In defence of the investment bankers, are they any more than sleek salesmen whose duty of care ends with their bonuses? Of course they would try to ram one through S&P.
Even now, having been taken over by Royal Bank of Scotland, the old ABN crew is still going hell-for-structured-leather, burning retail investors with the likes of their dubious “Warren Buffett investment”.
LGFS, however, would seem to be in hot water. It can hardly make a profit from the councils by flogging this septic product while holding itself out to be their reliable financial adviser. LGFS may have to resort to the “Edward de Bono” defence that the right sides of their advisers’ brains were quarantined from the left by a psychic Chinese Wall.

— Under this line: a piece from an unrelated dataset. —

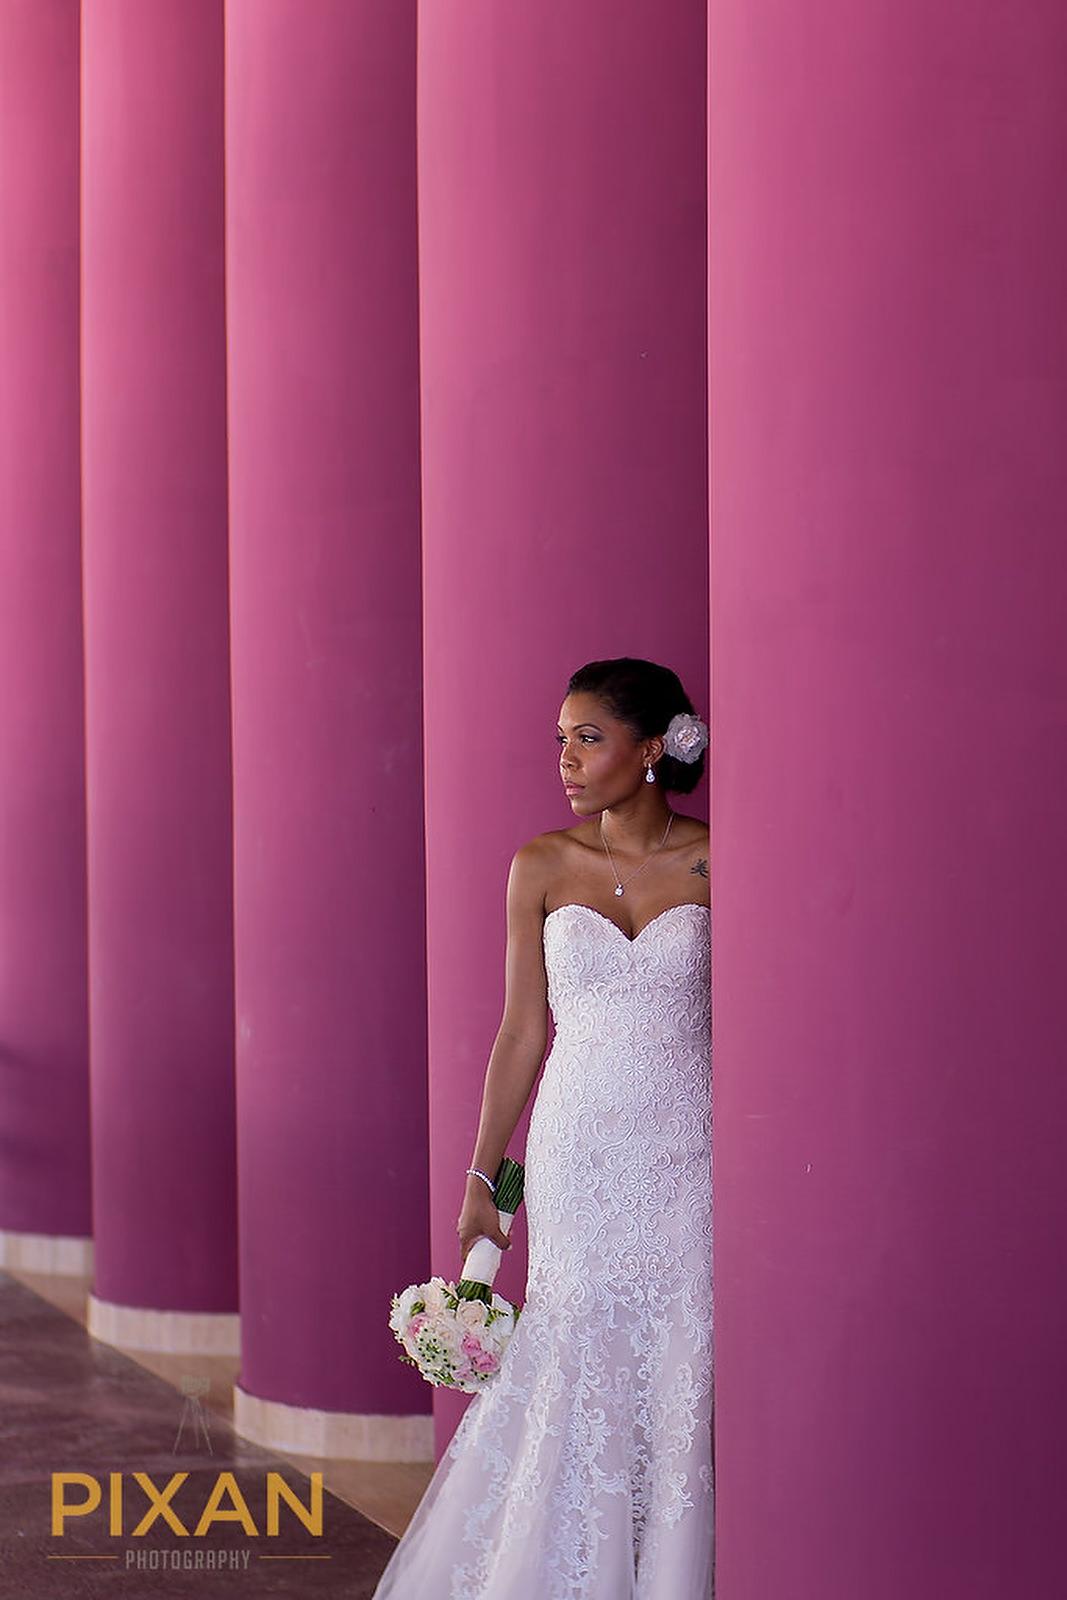 Hyatt Ziva Cancun pink bride

S&P has deftly dealt with suits in the US by resorting to First Amendment protection to free speech. “It was only an opinion, Your Honour.” That defence may be tougher here.
Whatever the legal argy-bargy, it is obvious that an investor could reasonably assume “AAA” meant safe, just as S&P intended, and that this “Rembrandt” rubbish should never have been rated AAA.

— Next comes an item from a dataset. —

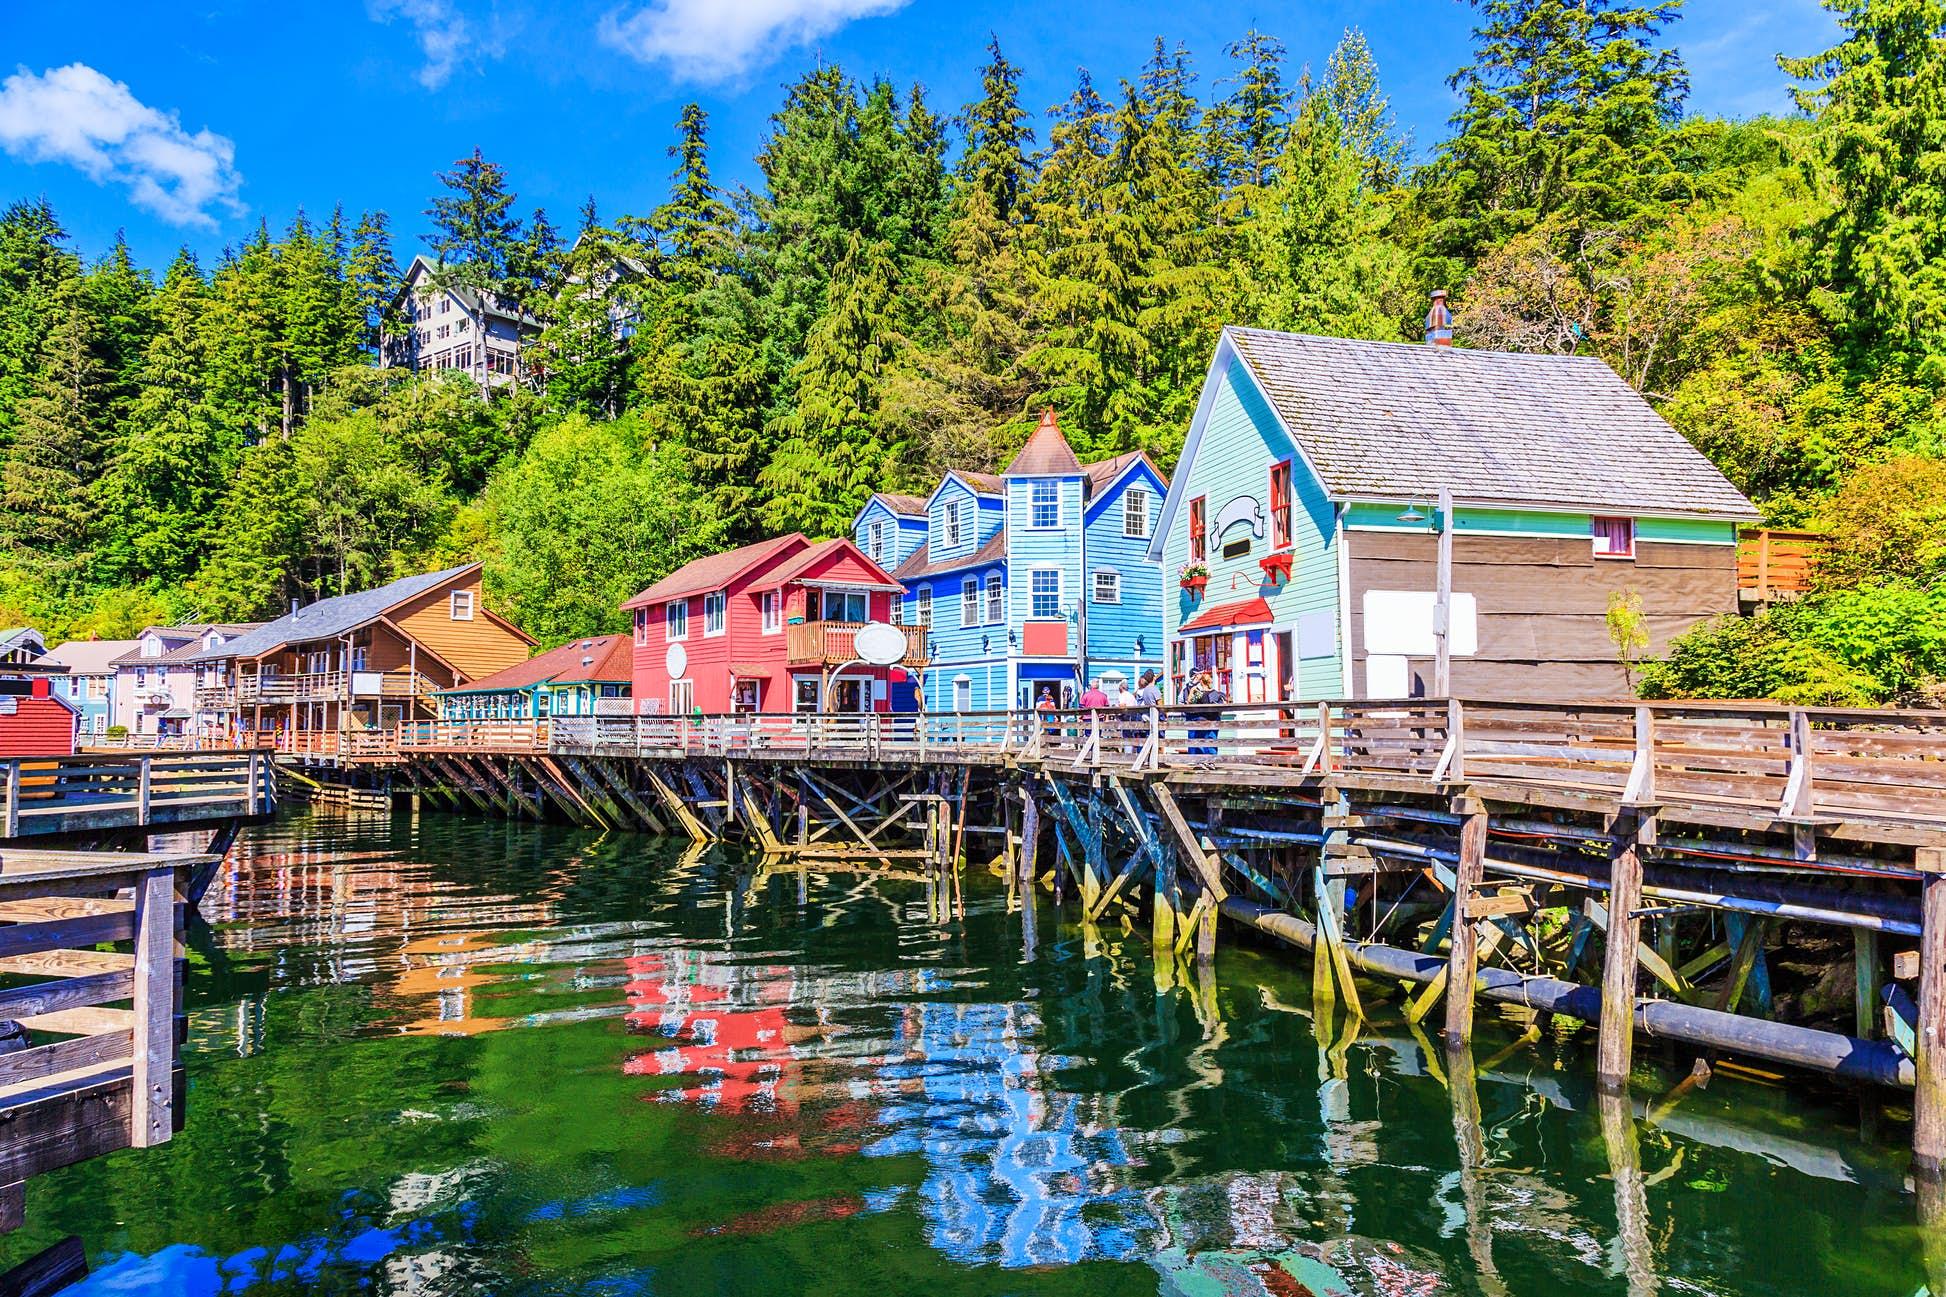 Ketchikan, Alaska © sorincolac / Getty Images

As for the councils, should their chief investment officers really be deemed novices, unsophisticated investors? Or should caveat emptor prevail? They saw that AAA rating, they say, and were entitled to believe it wouldn’t blow up.
The broader perspective – humanity – may hardly come into play in this case, but it is worth reflecting on. ABN was not the only banker to sell toxic ”exotics” like this, nor S&P the only agency to rate them.

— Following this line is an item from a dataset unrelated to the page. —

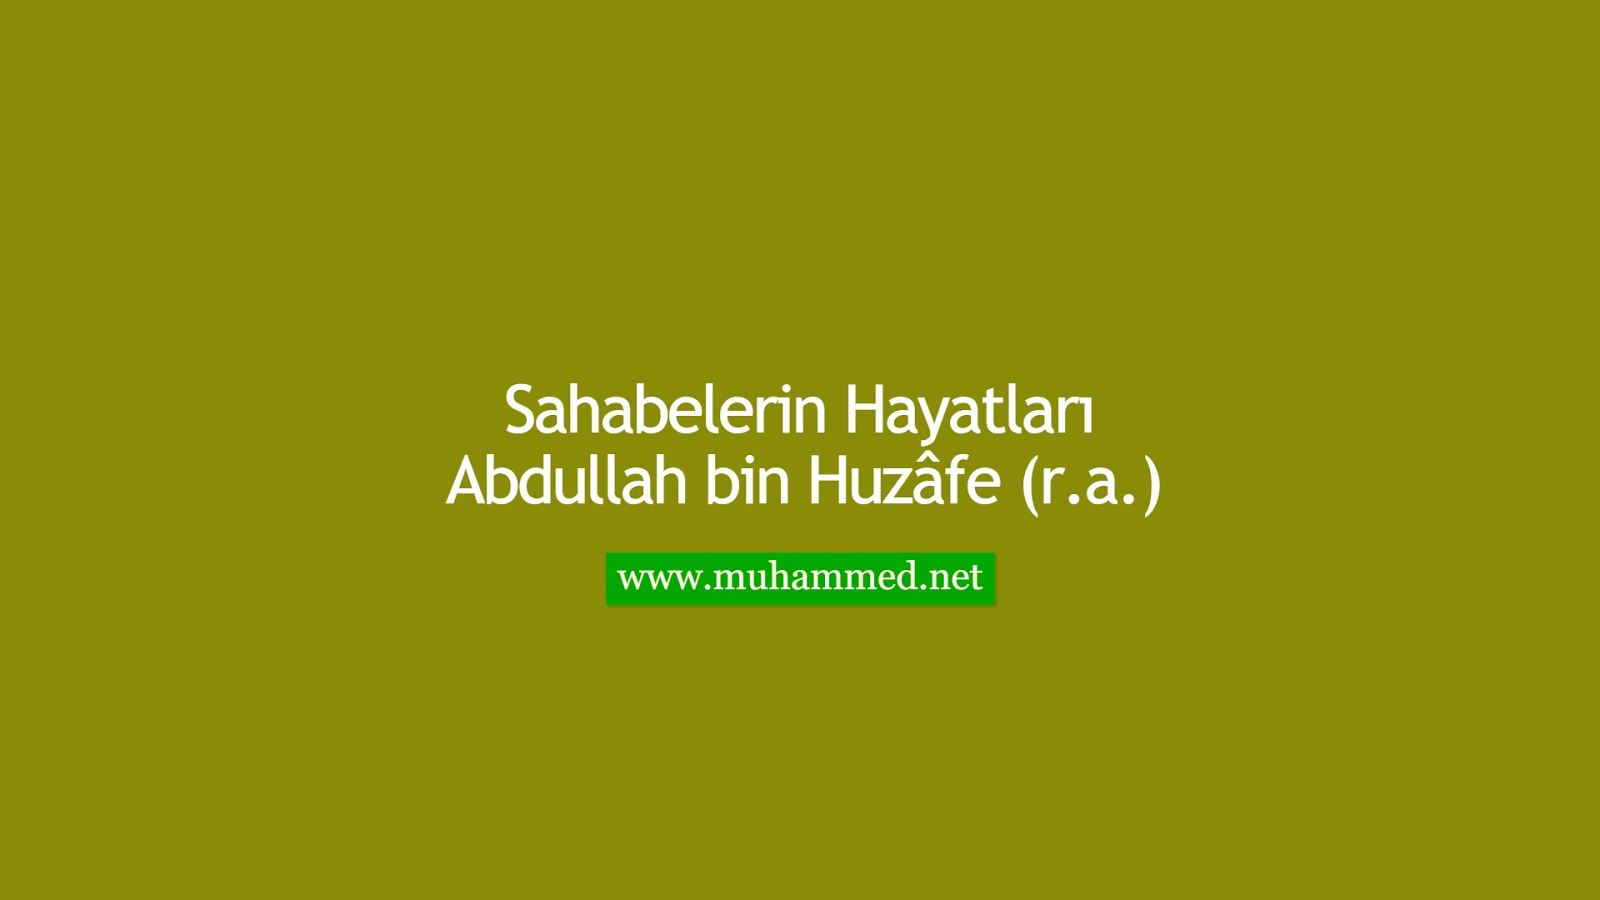 Abdullah bin Huzâfe (r.a.)

Here in journalism, we failed spectacularly too. Here was the Fourth Estate, at the height of the boom, shovelling out the PR nonsense willy-nilly. What a terrific transaction! What great value this market is! The public is no better served now.
And how about the auditors? PWC and KPMG missing billion-dollar holes in the accounts of Centro and Allco? Whoops. Don’t even mention the feeble regulators.
At what point did we lose the plot? At what point did proper judgment capitulate to commercial reality? Maybe the councils could join “The World” as fifth defendant because, when you live in a place which confers more prestige and financial rewards on a financier for building something destructive than an engineer for building something useful … we rest our cause.